In terms of weight, the o-katana can reach up to 3.3 lbs (1.5 kg), while a katana is around 1.98 to 2.86 lbs (0.9 to 1.3 kg) 

Historical Significance

O Katana and Katana in History
Art depicting the use of  larger swords in battle, especially during the Kamakura and Muromachi periods – Credits: Heiji Monogatari Emaki – Warriors

The katana was a secondary sidearm that evolved from the shorter uchigatana during the tumultuous Muromachi Period (14th – 16th century).

During this time, swordsmiths made daito (large) or shoto (small) katana swords based on their needs. This was especially true during the wars of the Sengoku Period (1467-1615) when larger swords were produced to meet individual preferences and battle requirements.

Compared to the o-katana designed for individuals around 63 to 67 inches (1.6 to 1.7 m) in height, the o-dachi or nodachi were larger versions of the earlier tachi with a stronger curve. They were nicknamed field swords due to their massive size. 

During the Edo Period (1603-1868), larger swords like the o-katana were forbidden and converted into shorter blades such as the wakizashi, tanto, or regular-sized katana.

The katana was a beloved and reliable sidearm for the samurai. Meanwhile, the o-katana was effective as a sidearm or primary weapon. Produced during the Muromachi Period, the larger o-katana was more popular. However, larger swords like the o-katana were converted into shorter katana during the Edo Period.

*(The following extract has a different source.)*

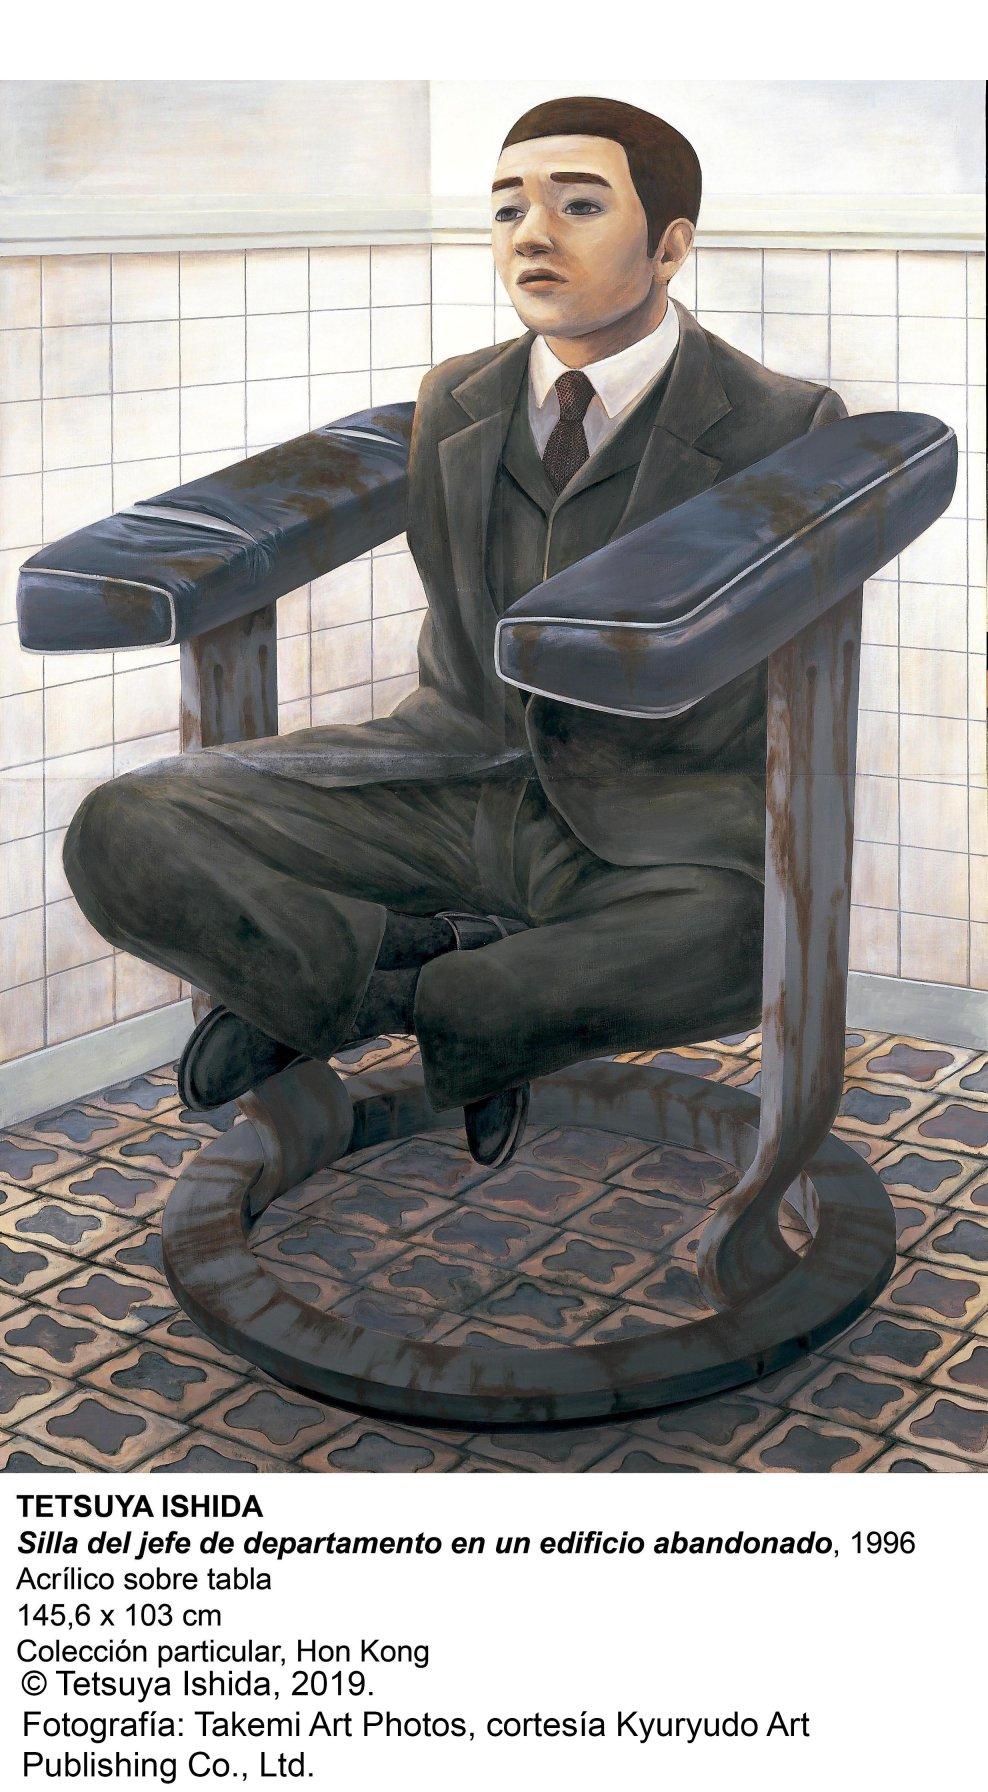 Silla del jefe de departamento en un edificio abandonado (1996) - Tetsuya Ishida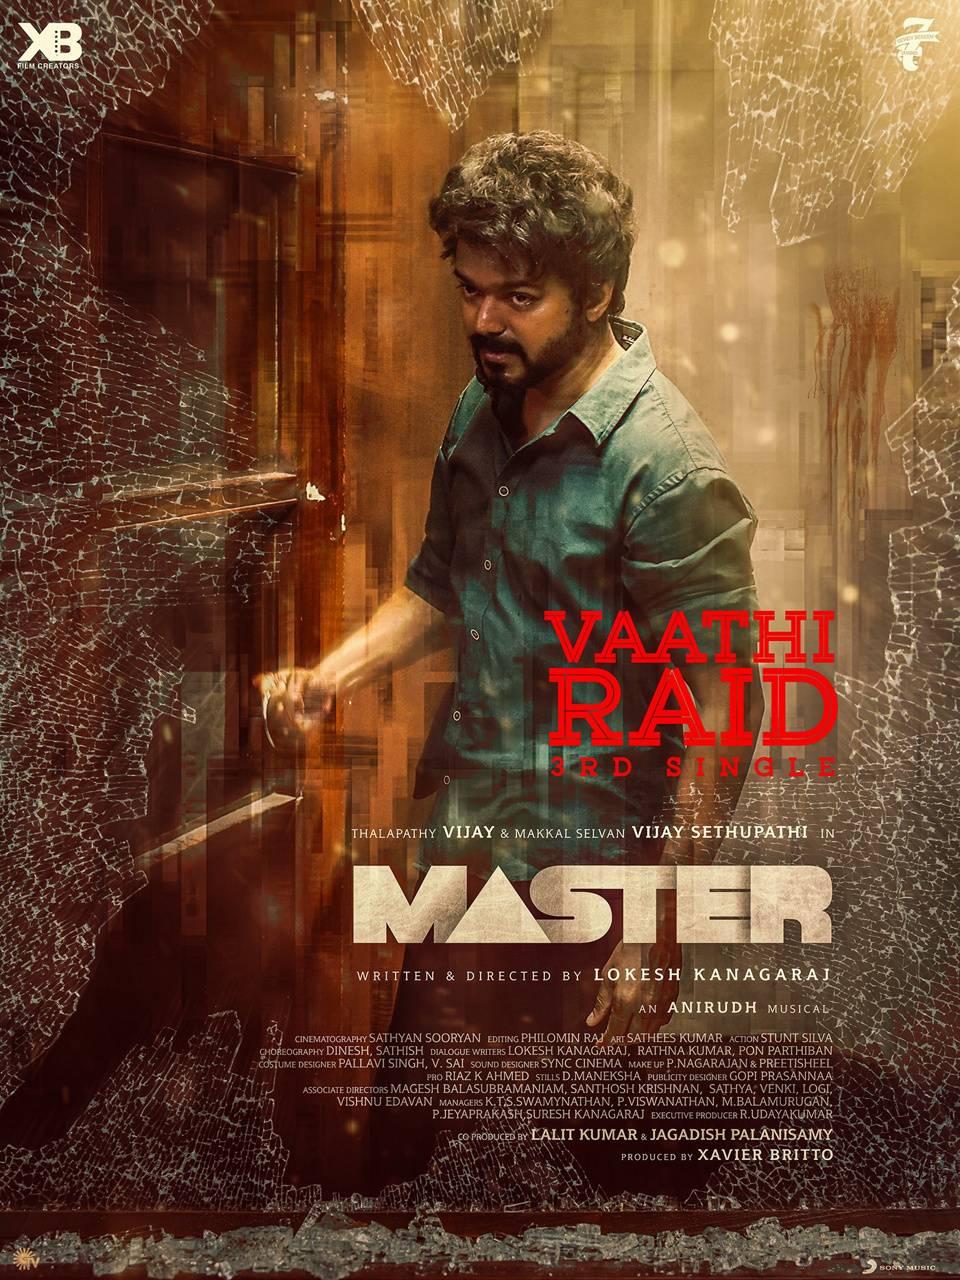 Master vaathi raid

O-Katana vs Katana: Combat and Training Preference

O Katana
Using the o-katana in practice

The o-katana and katana were versatile two-handed swords. Being slightly larger and heavier, the o-katana offered more range and impact behind each strike. Thanks to their design, both were lethal against unarmored opponents as they excelled in slashing, thrusting, and slipping through gaps in armor. 

The katana was the ideal sidearm to be used alongside the samurai’s primary weapon, which could be anything from a yari spear, naginata polearm, yumi bow, or firearm. 

Although the katana is a daito (long sword) and can be used similarly to the European longsword, it is fairly short as it was designed for a  5.4 feet (1.65 m) user, limiting its range. For this reason, martial arts practitioners with an average height of 5.7 to 5.9 feet (1.75 to 1.8 m) used an o-katana to reach their full potential.

O-Katana vs Katana (Duel Winner)
The katana and o-katana are some of the most effective blades in history, thanks to their design that capitalizes on speed, precision, and slashing ability. Since a greater reach has the advantage in a duel, the o-katana’s longer blade, without being significantly heavier, makes it more likely to be the victor in a battle between the two. 
Sources Cited
  1. Turnbull, S. (2021, June 24). Weapons of the Samurai. Bloomsbury Publishing.
  2. Cunningham, D. (2012, August 21). Samurai Weapons. Tuttle Publishing.
  3. Turnbull, S. R., & Boxall, M. (1997, January 1). Samurai Warfare. Arms & Armour.
  4. Turnbull, S. (2022, March 17). War in Japan. Bloomsbury Publishing.
  5. Yoshida, K. (2012, August 21). The Samurai Sword: Spirit * Strategy * Techniques.